DATA:
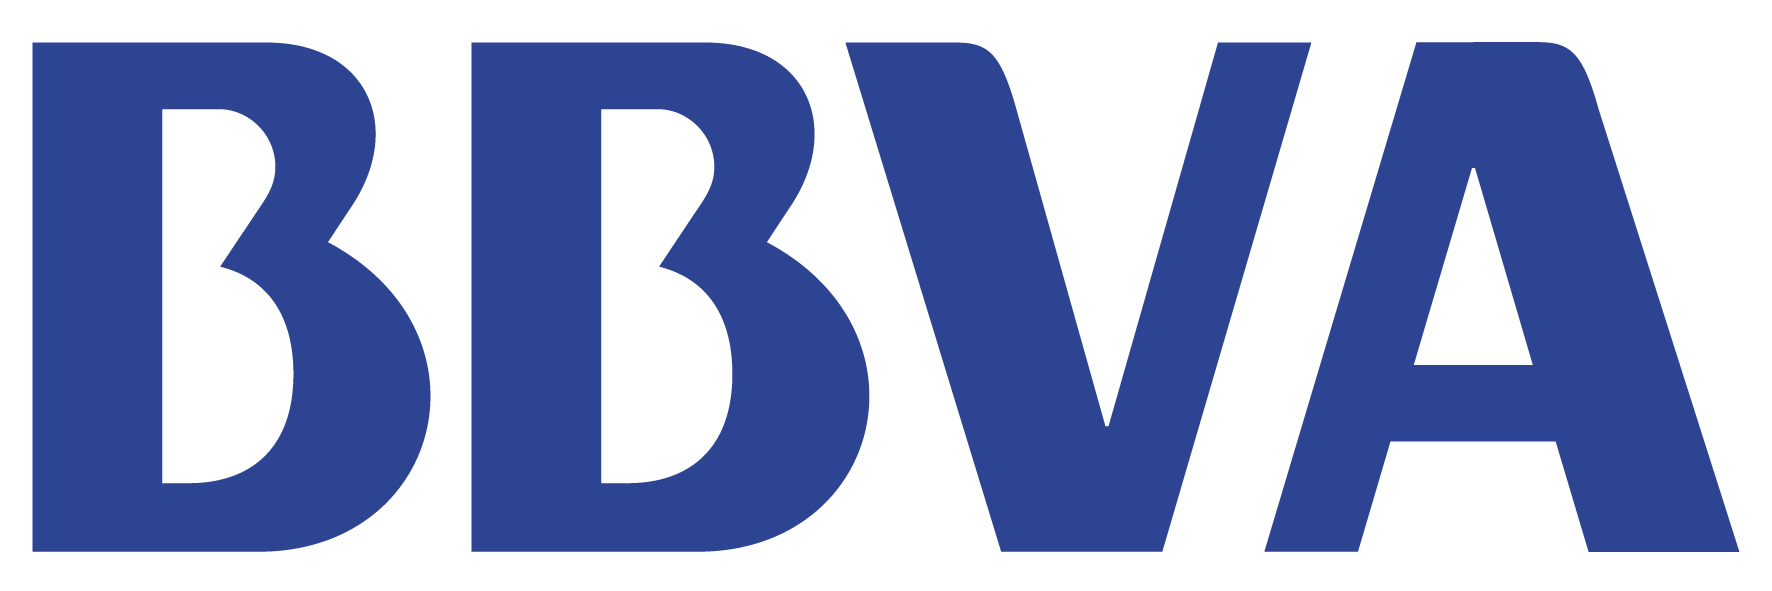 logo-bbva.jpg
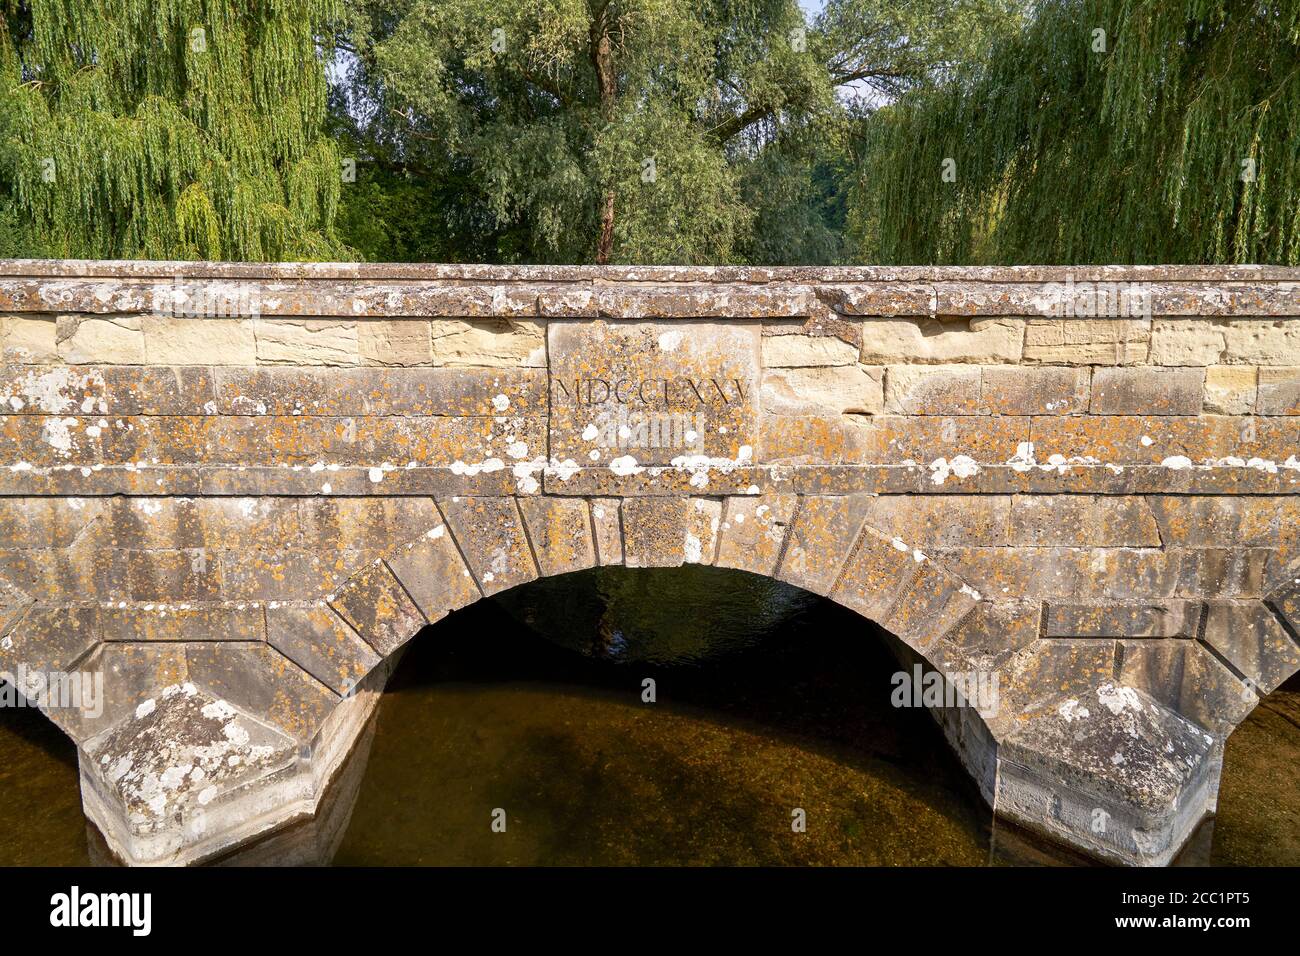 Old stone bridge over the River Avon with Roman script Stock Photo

...

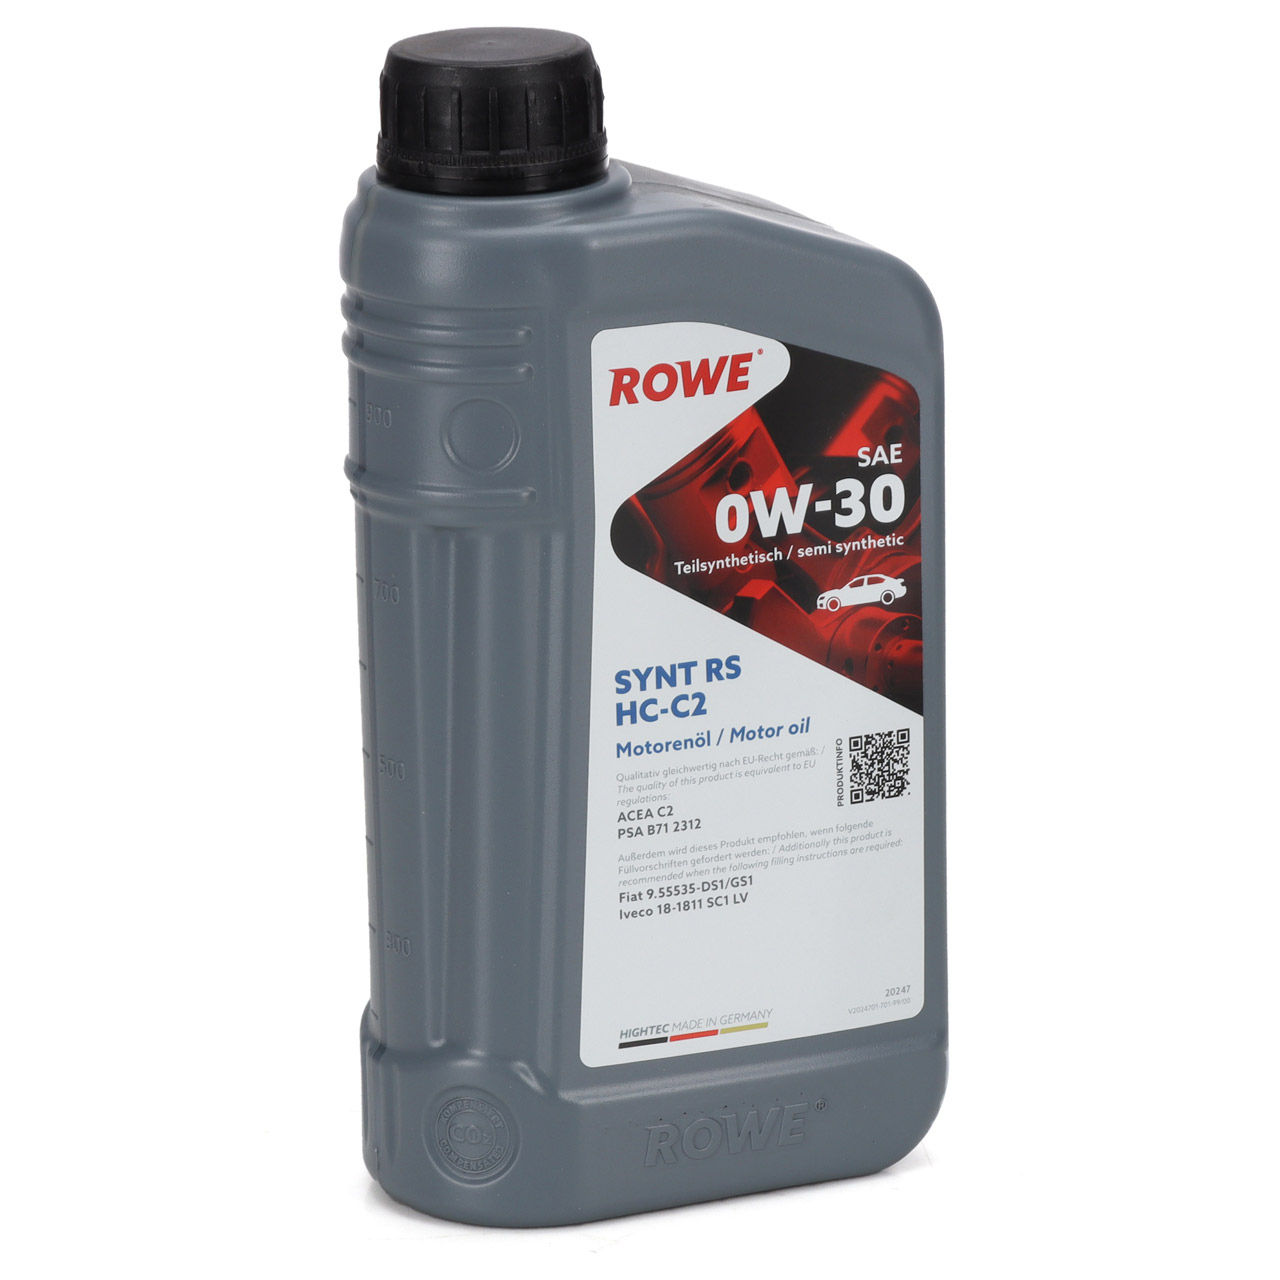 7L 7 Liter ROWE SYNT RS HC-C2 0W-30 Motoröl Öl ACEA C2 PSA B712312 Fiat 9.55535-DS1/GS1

WORK ORDER: Above are the records. Copy only the lines from the one with "logo-bbva.jpg" through the one with "Old stone bridge", exactly, with no pictures.

SOLUTION:
 logo-bbva.jpg
 Old stone bridge over the River Avon with Roman script Stock Photo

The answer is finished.